Max profit equals the strike minus premium times 100 (reached at zero); max loss equals the premium times 100. Breakeven is strike minus premium. For the GII long put priced from the end-of-day chain at a 30-day expiry (ATM IV 17.50%), the computed maximum profit is $7,301.50 per contract and the computed maximum loss is -$197.50 per contract. Live intraday quotes will differ as the chain moves through the trading session.
What is the breakeven for a GII long put?

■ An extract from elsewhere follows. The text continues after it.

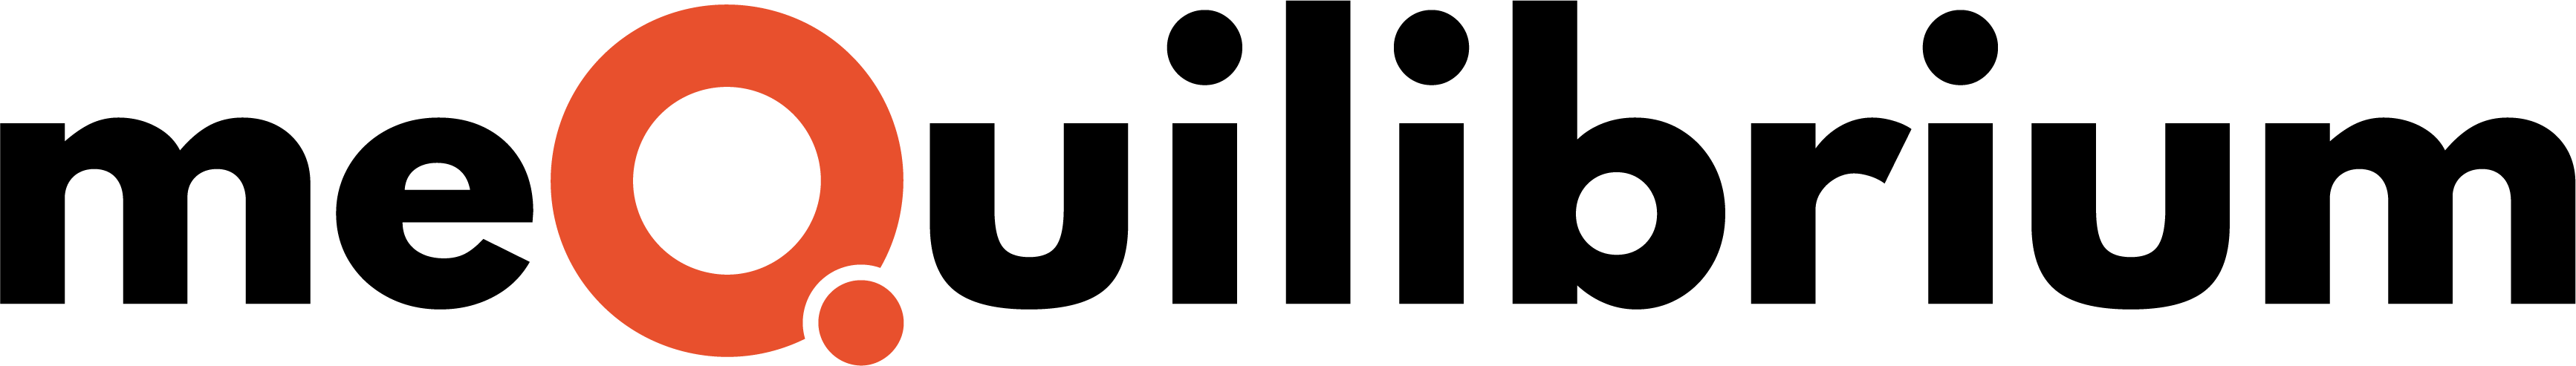 meQ Long logo

The breakeven for the GII long put priced on this page is roughly $73.03 at expiration, derived from end-of-day chain premiums. Breakeven is the underlying price at which the strategy's P&L crosses zero ignoring transaction costs and assignment risk. The current GII market-implied 1-standard-deviation expected move is approximately 5.02%; if the move sits well outside the breakeven distance, the structure's risk-reward becomes correspondingly tighter.
When should you consider a long put on GII?
Long puts on GII hedge an existing long GII etf position or express a bearish view with defined risk; position sizing typically scales the put notional to the underlying GII exposure being hedged.
How does current GII implied volatility affect this long put?
GII ATM IV is at 17.50% with IV rank near 2.95%, which is on the low end of its 1-year range. Premium-buying structures (long call, long put, debit spreads) are relatively cheap in this regime; premium-selling structures collect less credit per unit risk.